Collected data:

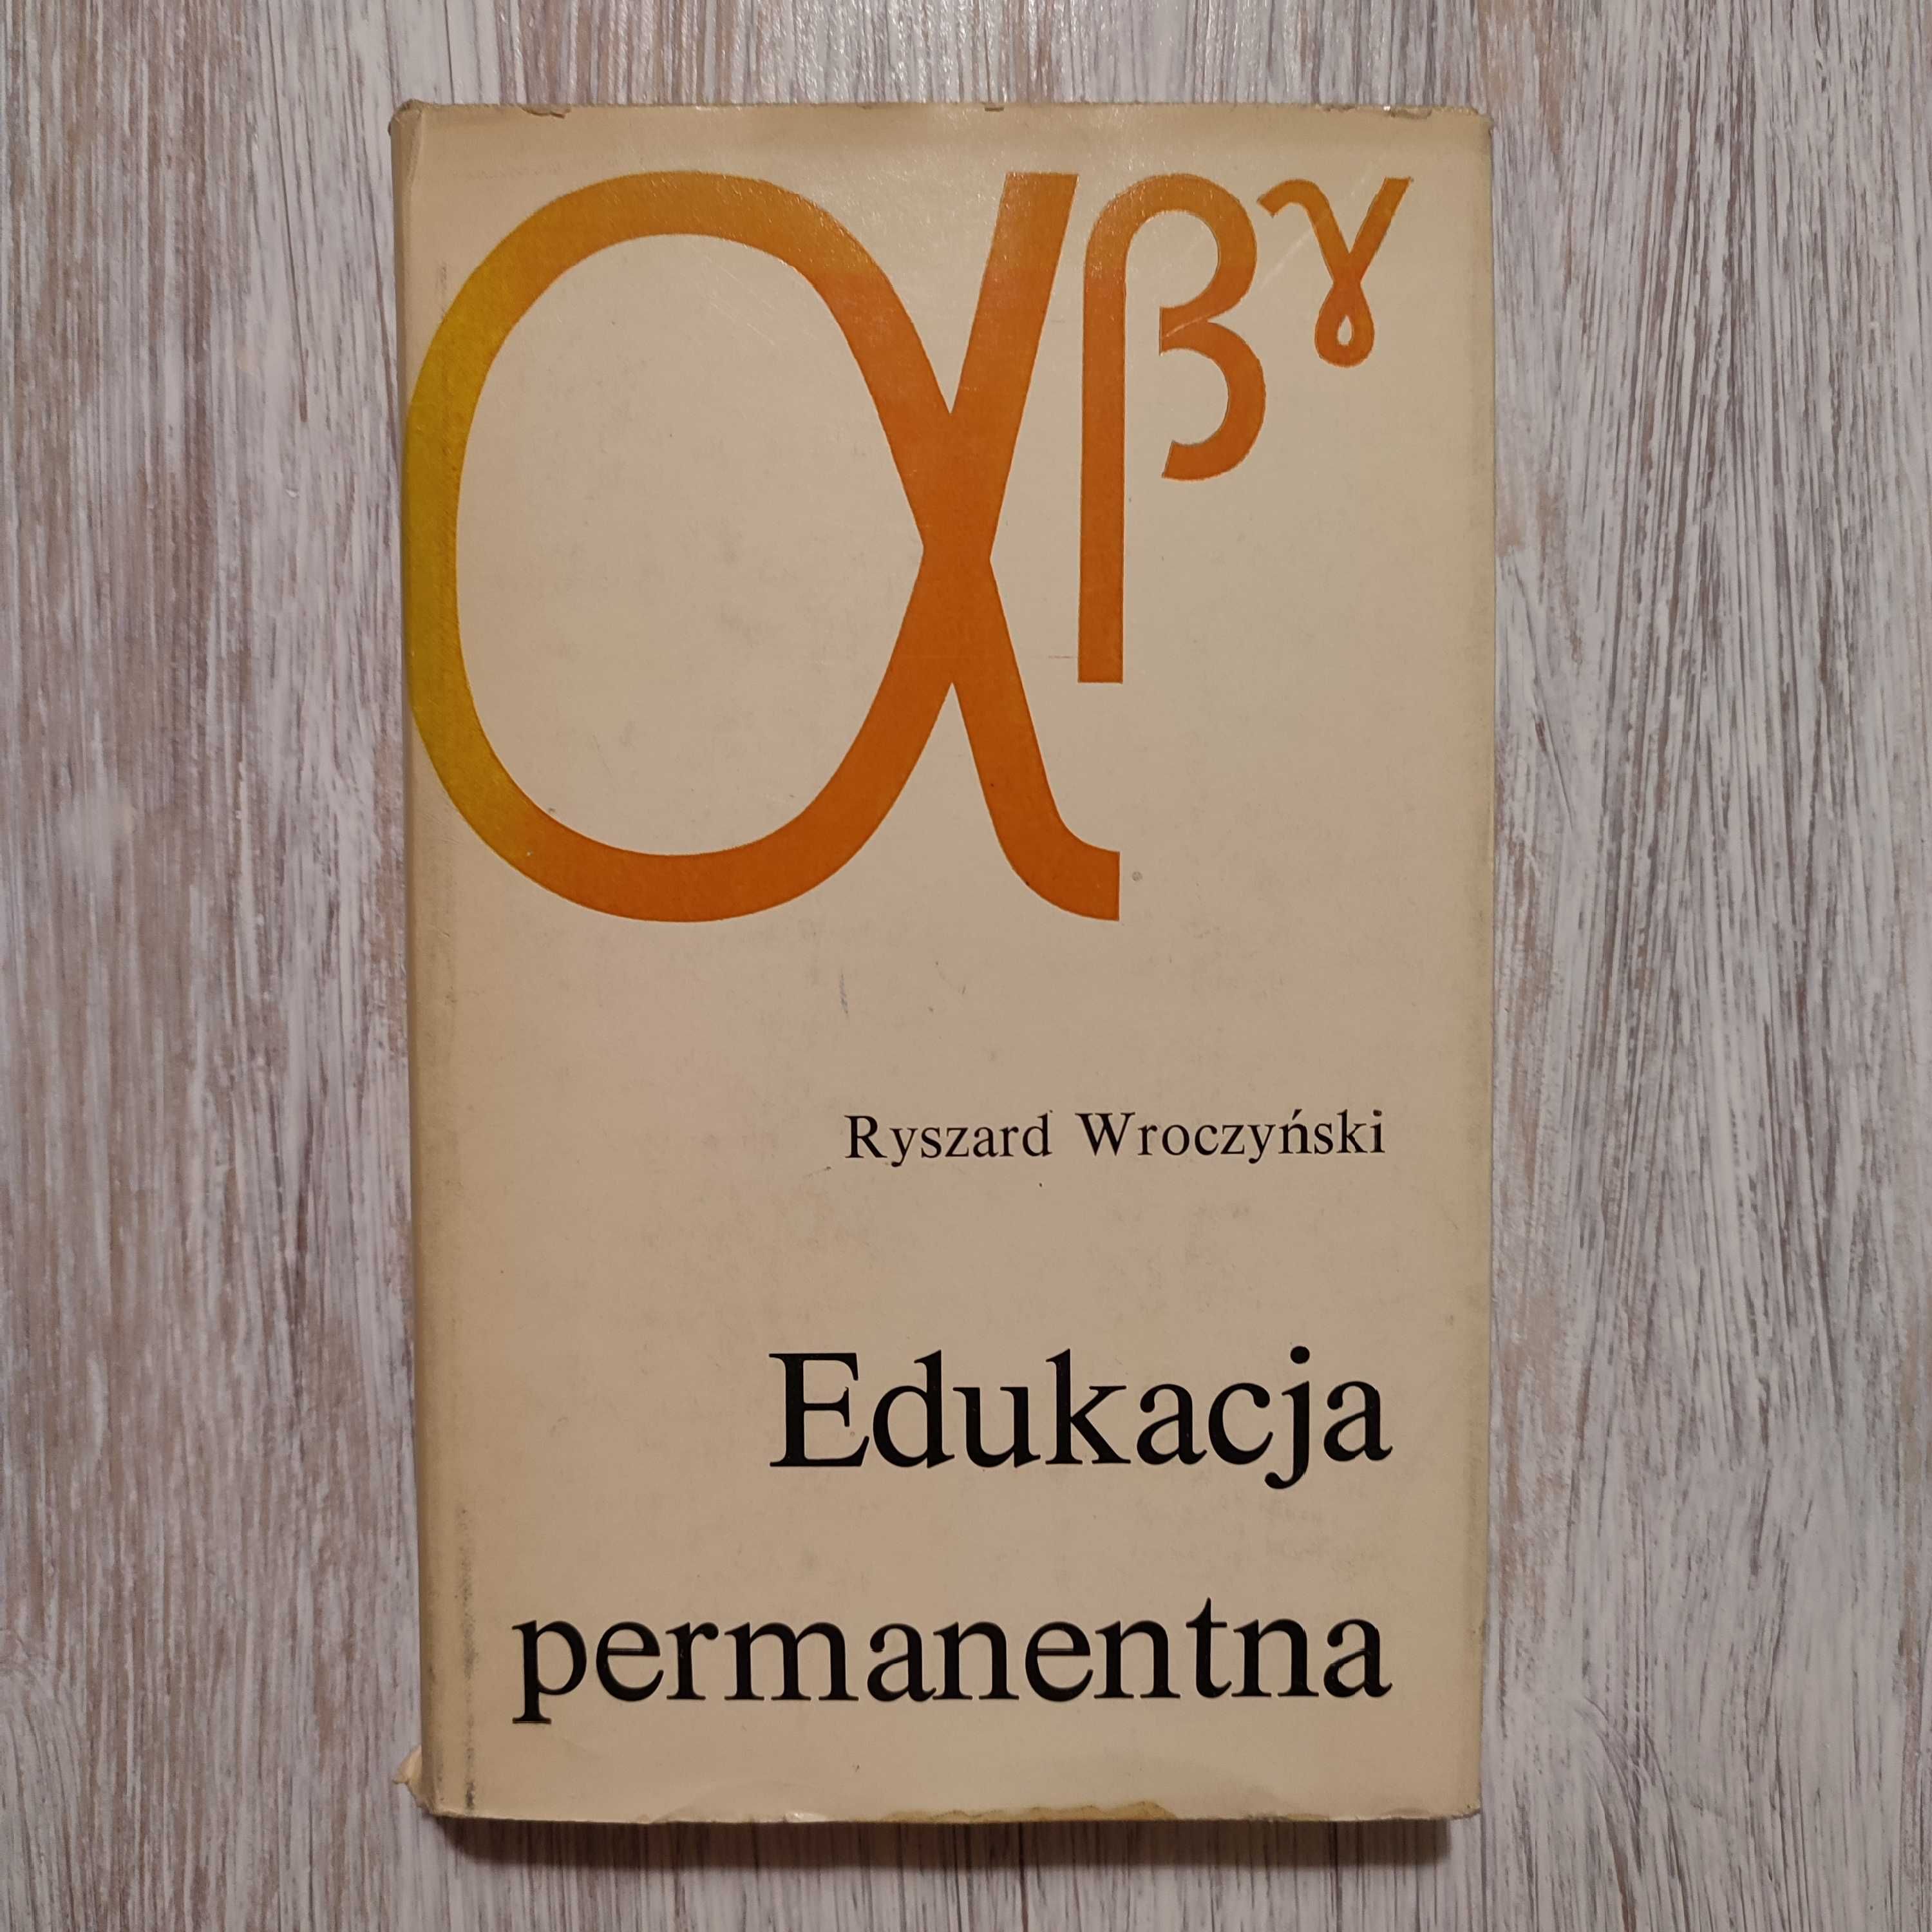 Edukacja permanentna - Ryszard Wroczyński
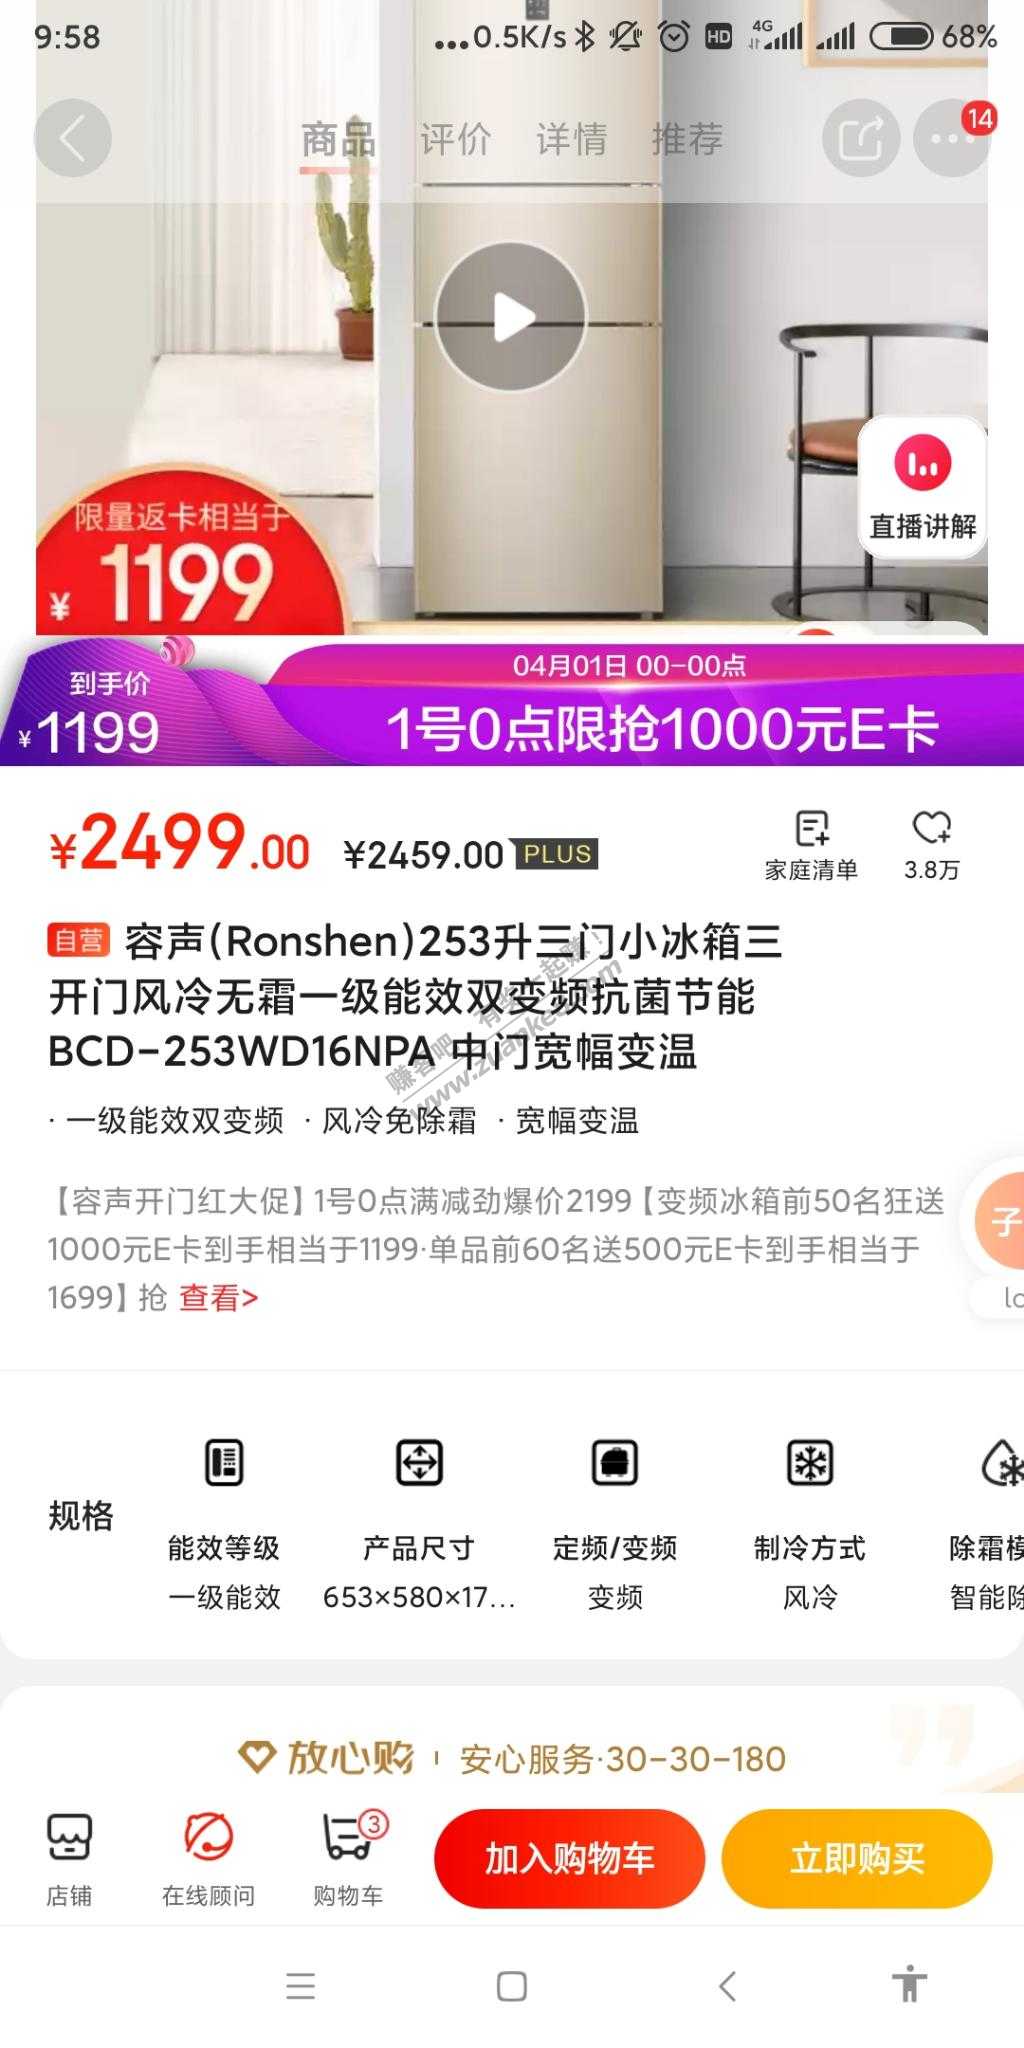 今晚又有返1000的冰箱了-惠小助(52huixz.com)
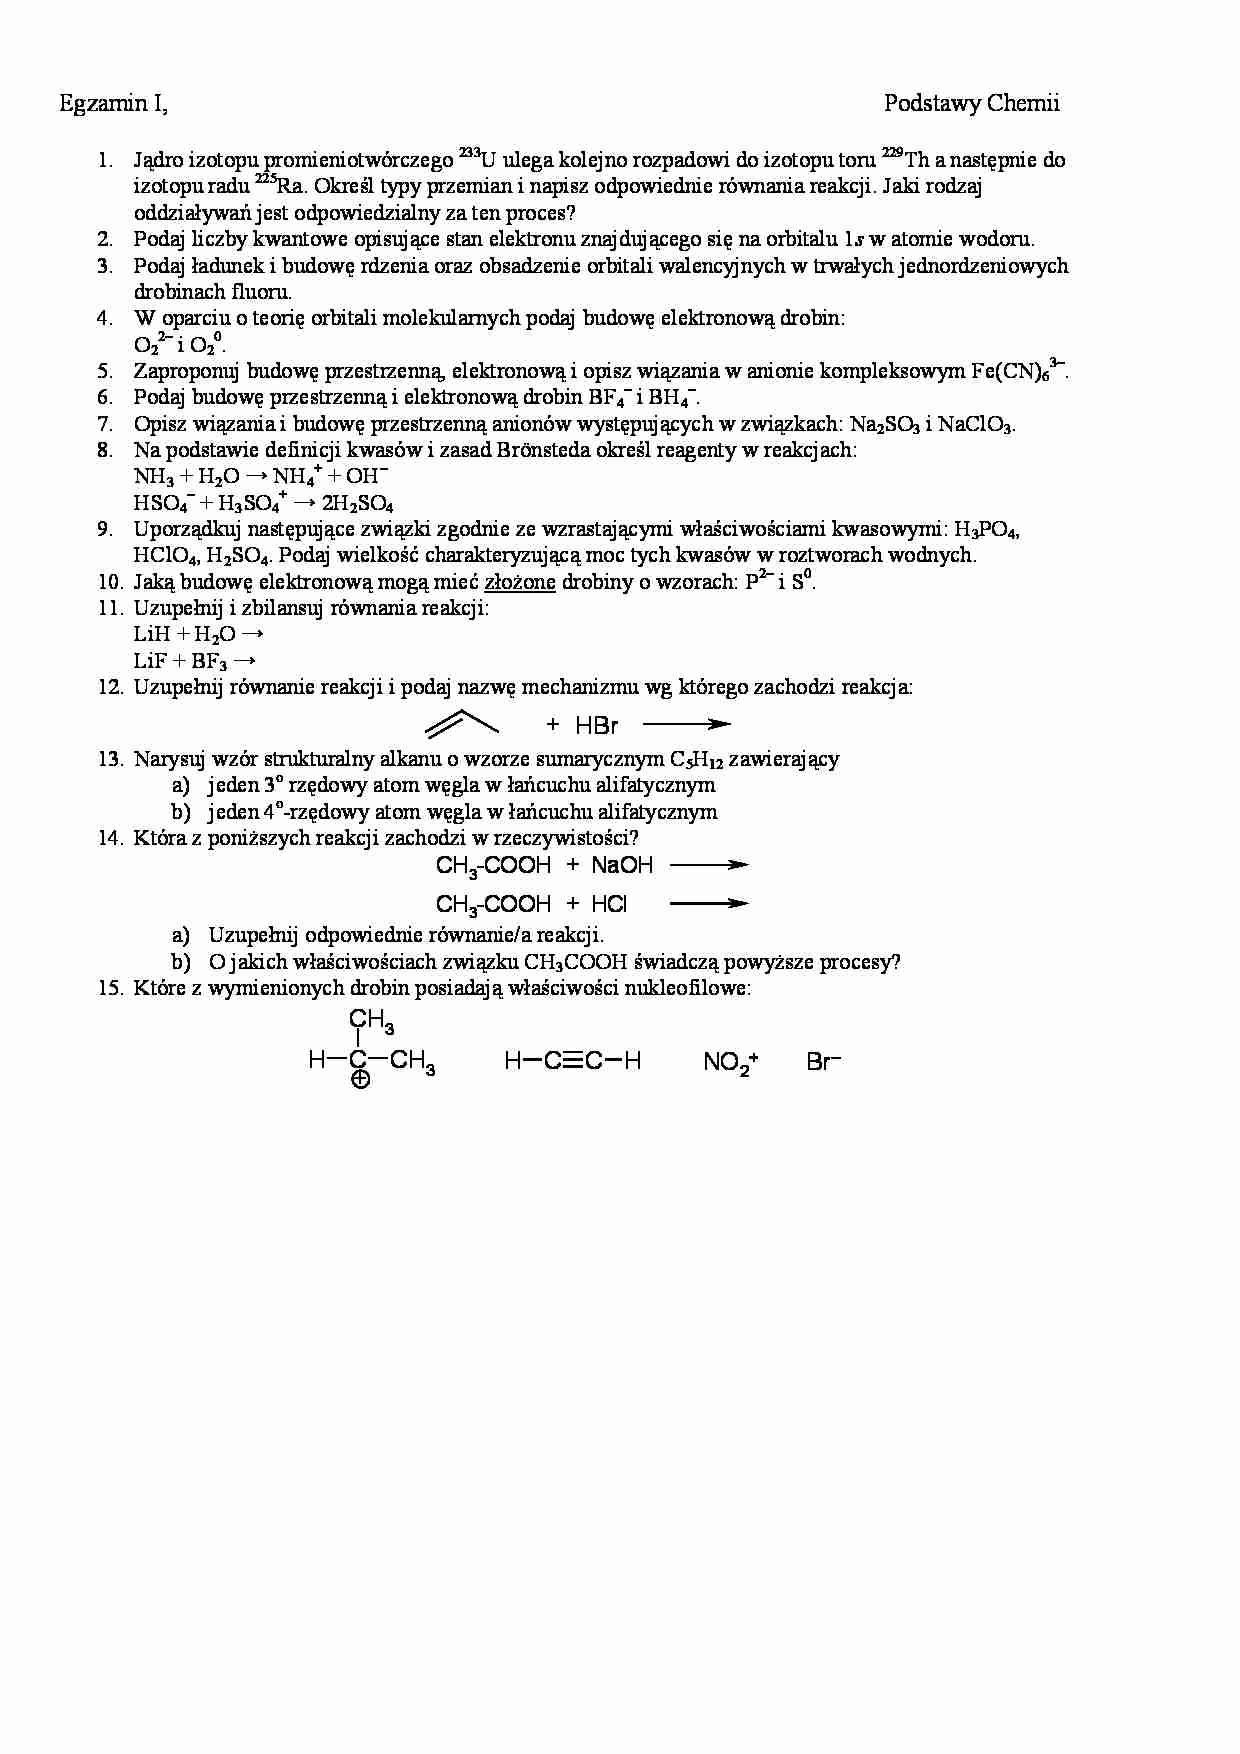 Chemia ogólna i nieorganiczna-egzamin 1 - strona 1

Task instructions:
Repeat the data above exactly, images excluded.

Solution to the problem:
 Edukacja permanentna - Ryszard Wroczyński
 今晚又有返1000的冰箱了-惠小助(52huixz.com)
 Chemia ogólna i nieorganiczna-egzamin 1 - strona 1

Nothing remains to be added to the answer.